А уж горящая внутри черная бездна, требующая не отпускать, не отпускать никогда и ни для кого, — точно не то, что позволяет оставаться друзьями.
Гермиона на мгновение нахмурилась, а потом уточнила:
— Ну, если не думаешь. Можно… можно не думать что угодно.

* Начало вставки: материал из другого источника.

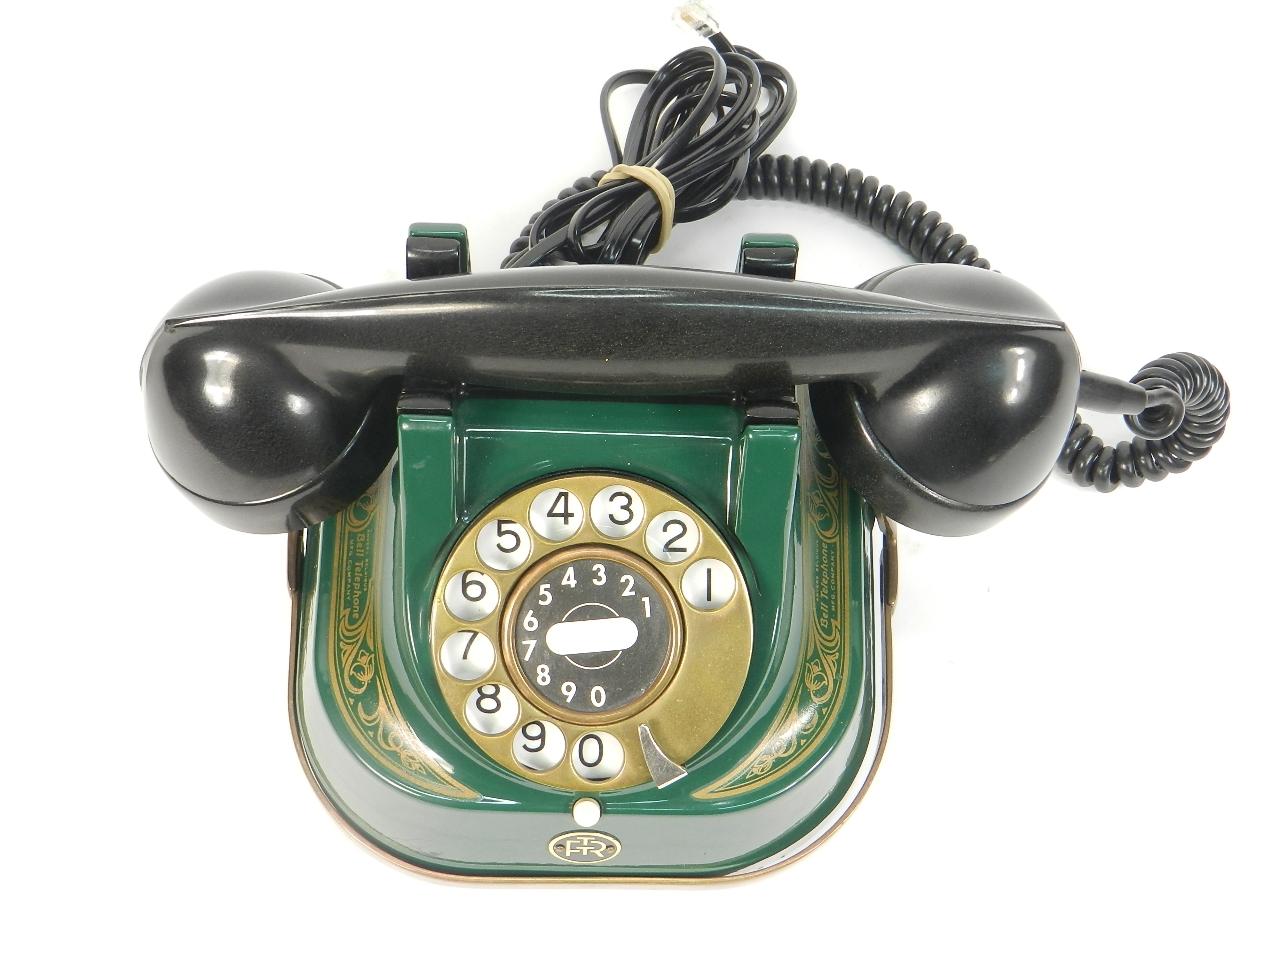 Imagen BELL TELEPHONE Cº  AÑO 1940, BELGICA 41399

Смысл этой фразы ускользал от него, но…
Но если и правда не думать…
Гарри осторожно поднял руку. Дотронулся до ямочки на подбородке Гермионы, легонько провел рукой по ее щеке. Можно?
Она на мгновение прикрыла глаза, подавшись вперед, и чуть вздернула голову, приоткрывая губы.
И этого было, похоже, достаточно.
Гермиона чуть вздрогнула, когда он поцеловал ее, и крепче обвила руками его шею — Гарри уже и забыл, что они все это время стояли практически в обнимку. Сердце бешено заколотилось — она улыбнулась ему в губы, и Гарри почувствовал, что теряет голову от понимания, что в этот раз им ничего не помешает.
Казалось, что все вокруг горело, но кожа Гермионы была прохладной — и гладкой и нежной. Прижавшись губами к впадинке у горла, Гарри осторожно нашарил рукой язычок молнии на платье и потянул вниз. Гермиона на мгновение отстранилась, выпутываясь из мягкой ткани, и чуть дрожащими руками потянулась к пуговицам на его рубашке.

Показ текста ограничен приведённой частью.